Presidential scandal
Tape shows president mocking Pope

Polish President Aleksander Kwasniewski easily won re-election despite last-minute revelations of a videotape released by an opponent just weeks before the vote showing him mocking Pope John Paul II.

The televised incident was part of a television advertisement by election rival Marian Krzaklewski of Solidarity. The commercial shows Kwasniewski’s national security adviser, Marek Siwiec, making the sign of the cross as he leaves a helicopter in a 1997 trip. Kwasniewski is heard off-camera asking, “Has the minister kissed the soil?” in apparent reference to Pope John Paul II’s custom of kissing the soil of the receiving country during his papal journeys.
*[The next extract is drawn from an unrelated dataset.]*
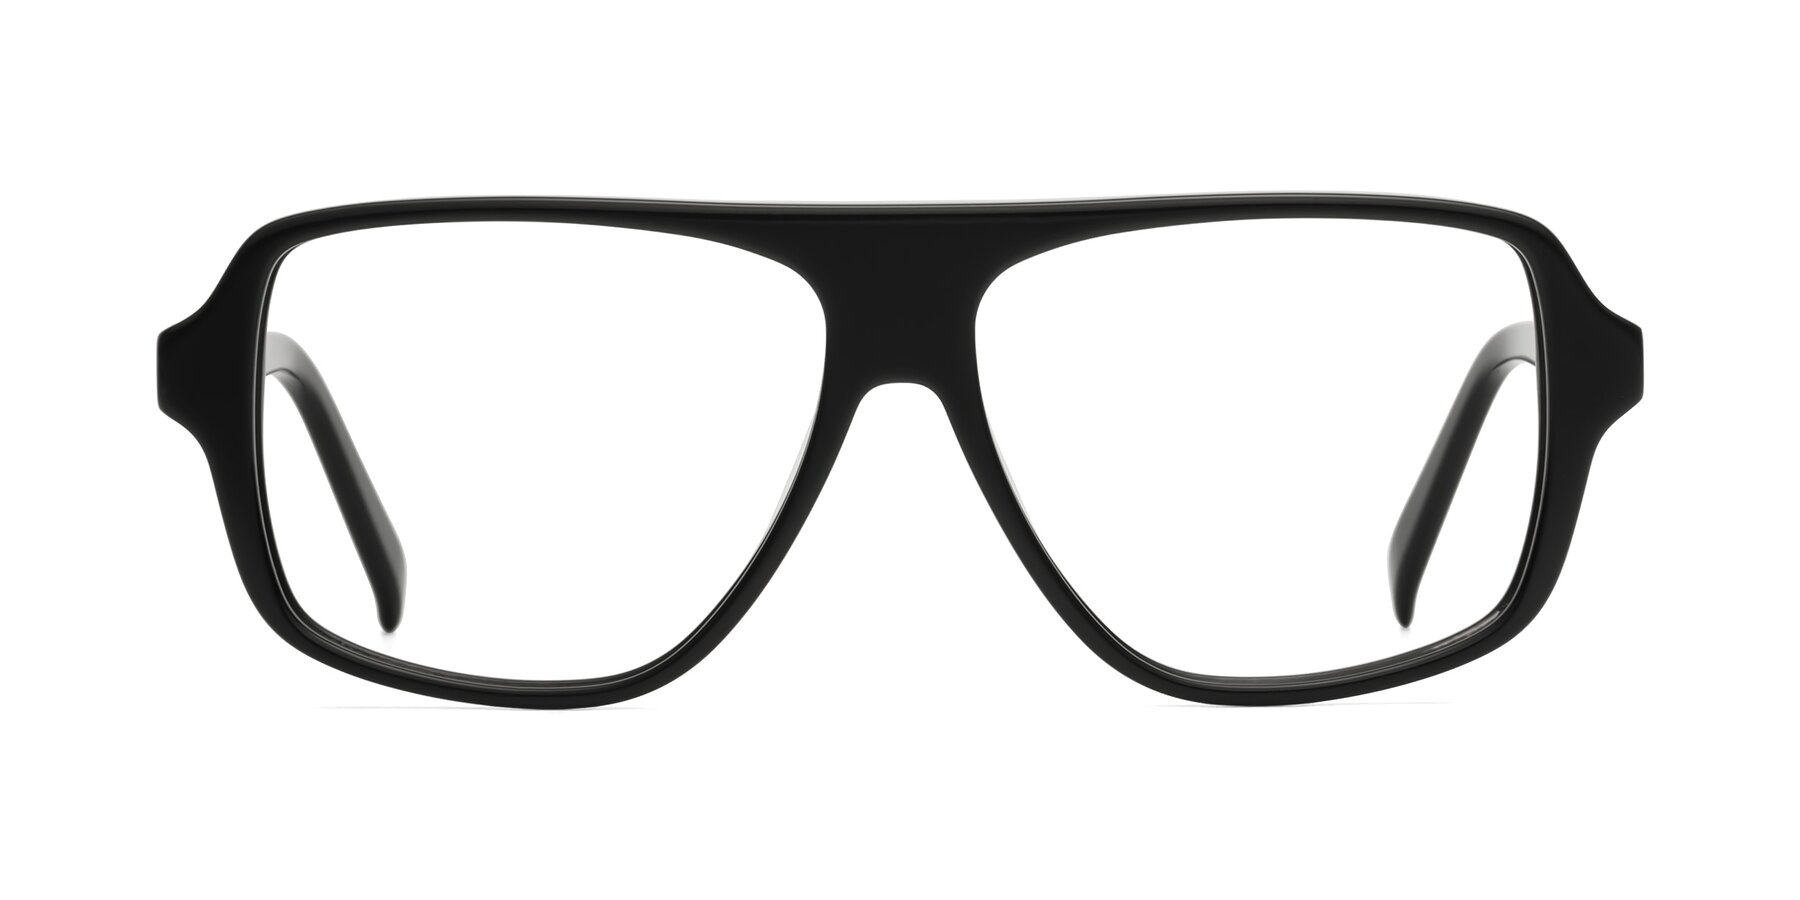 O'Leary - Black Sunglasses Frame

“These incidents . . . contradict the president’s constitutional duty to safeguard the dignity of the nation. His attitude hurts the relations between Poland and the Vatican,” a group of Polish senators said in reaction. Some groups demanded a criminal investigation on the grounds that the incident offended their religion, a potential violation of Polish law.

“We felt the behavior of both politicians (Kwasniewski and Siwiec) derided the Catholic faith, its symbols, and the Pope,” members of the Solidarity trade union from the northeastern town of Bialystok said in a complaint to prosecutors. Kwasniewski, a former Communist, does not attend a church but has repeatedly stated his devotion to the Polish-born Pope during his five years in office. The scandal could have had dire effects for the president during the elections in Poland—where most people are devout Catholics and the Holy Father is a revered figure—but Kwasniewski easily won re-election with 55 percent of the vote.

The Holy Father enjoys immense popularity among his countrymen of whom more than 90 percent are Catholic. The president repeated his apologies for the incident but said the ad was a “manipulation” that imposed an anti-papal meaning which the incident never had. “It has never been the intention . . . of Siwiec, nor anyone from his circle, to offend the Pope or the Catholic Church in Poland,” Kwasniewski told the public radio station Trojka.